Hey all, my boyfriend and I purchased an Asian forest scorpion two days ago. She's about 3 and a half to 4 inches and very very fat. Weve searched and she shows many signs of being pregnant but honestly we don't know and would love to find out. Could she be pregnant? We got her from a pet store and I had asked if they knew the sex, but like most pet stores they gave us the ol' "it's almost impossible to tell." So I'm here asking knowledgeable people. Also, she has climbed up her tree/hidey spot and onto the mesh top of the cage close to the red bulb we have on top of the enclosure. We tried to get her down but we were unsuccessful and didn't want to hurt her. Will she be able to get back down? She's been up there for about an hour. Should I remove the tree/hidey and purchase a new, smaller, one? Any and all help would be greatly appreciated since we are new to this. Thanks in advance.


----------



## david booth (Jan 16, 2017)

Kamaile said:


> Hey all, my boyfriend and I purchased an Asian forest scorpion two days ago. She's about 3 and a half to 4 inches and very very fat. Weve searched and she shows many signs of being pregnant but honestly we don't know and would love to find out. Could she be pregnant? We got her from a pet store and I had asked if they knew the sex, but like most pet stores they gave us the ol' "it's almost impossible to tell." So I'm here asking knowledgeable people. Also, she has climbed up her tree/hidey spot and onto the mesh top of the cage close to the red bulb we have on top of the enclosure. We tried to get her down but we were unsuccessful and didn't want to hurt her. Will she be able to get back down? She's been up there for about an hour. Should I remove the tree/hidey and purchase a new, smaller, one? Any and all help would be greatly appreciated since we are new to this. Thanks in advance.

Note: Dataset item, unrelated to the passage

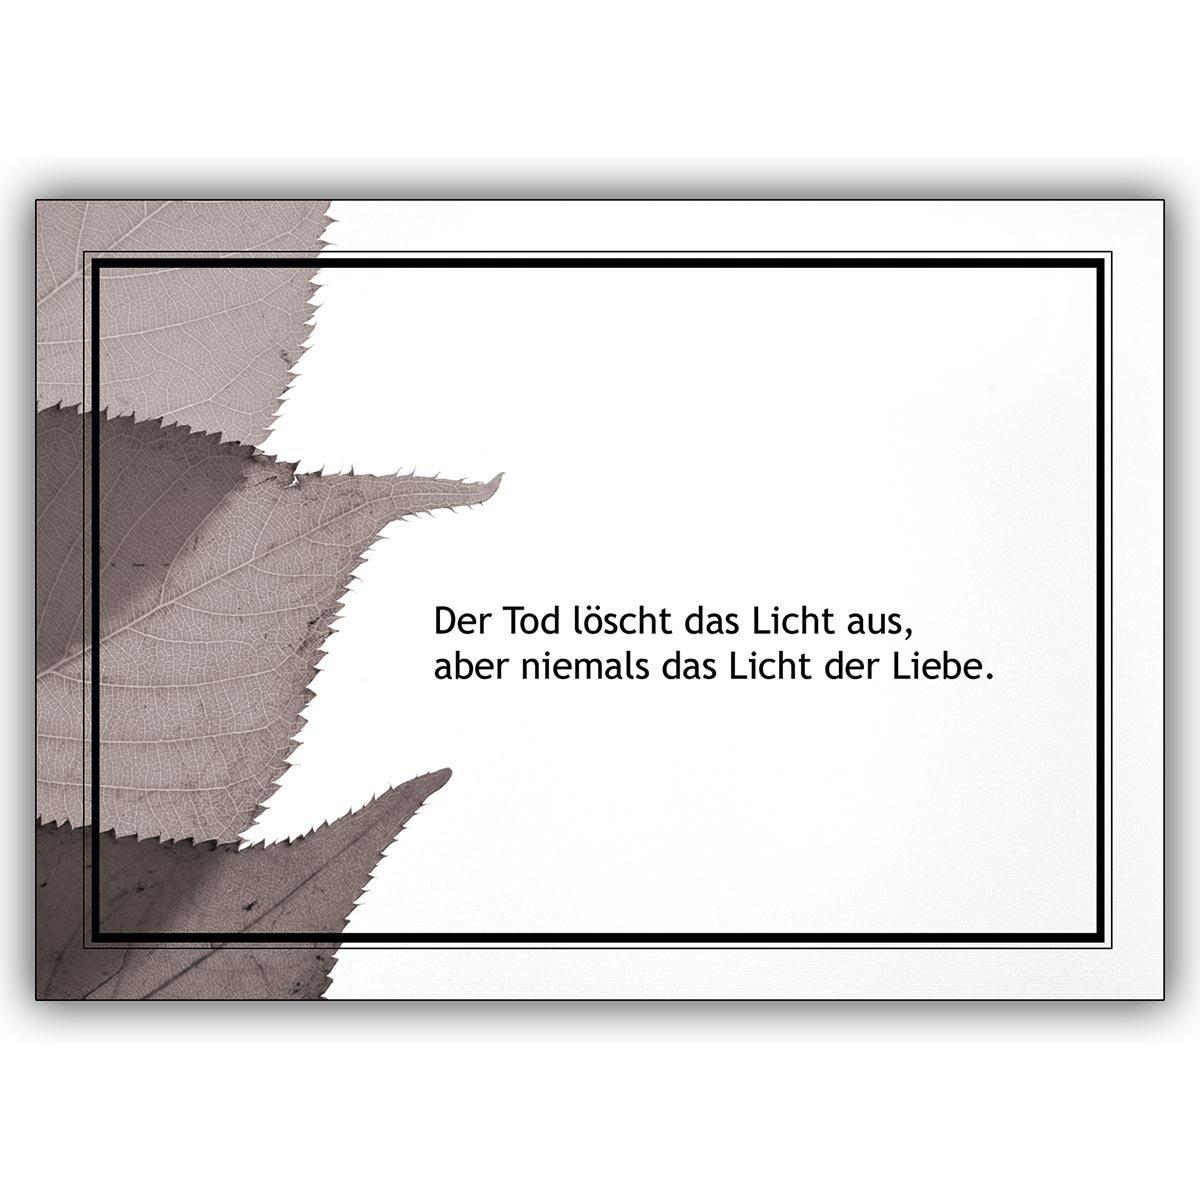 Direkte Fertigung 12 Traueranzeigen  Blätter Blätter Blätter innen ihr Text. Motiv   Der Tod löscht das Licht aus, aber niemals das Licht der Liebe..  den traditionell gestalteten Text drucken wir innen - nur Schrift auswählen zzgl 12 Papier Einleger wei&s 340d39

Hey, congrats on your forest scorpion. I have a pair aswell. I had both of mine recently sexed as females. The guys on here are awesome. It would be helpful to post a pic of Theyre pestines. These are the comb / eyelash like wings that are on the underside towards the first set of legs. I think it's the lenghth and number of the combs and the oval in the middle of the pestines that people go by. Here's a pic of mine to compare. It's better to put them in a tub and take a pic from underneath rather than pick them up by the tail but she wouldn't stay still in the box. Kind of a last resort. The guys on here are awesome and will steer you right


----------



## Kamaile (Jan 16, 2017)

david booth said:


> Hey, congrats on your forest scorpion. I have a pair aswell. I had both of mine recently sexed as females. The guys on here are awesome. It would be helpful to post a pic of Theyre pestines. These are the comb / eyelash like wings that are on the underside towards the first set of legs. I think it's the lenghth and number of the combs and the oval in the middle of the pestines that people go by. Here's a pic of mine to compare. It's better to put them in a tub and take a pic from underneath rather than pick them up by the tail but she wouldn't stay still in the box. Kind of a last resort. The guys on here are awesome and will steer you right


 thank you! We absolutely adore her and we're quite excited to be in this new world of unique pet owning. This sounds so stupid but how exactly do you post a picture? I'm on an iPhone. Do I need to be on a laptop to do so?


----------



## david booth (Jan 16, 2017)

Kamaile said:


> thank you! We absolutely adore her and we're quite excited to be in this new world of unique pet owning. This sounds so stupid but how exactly do you post a picture? I'm on an iPhone. Do I need to be on a laptop to do so?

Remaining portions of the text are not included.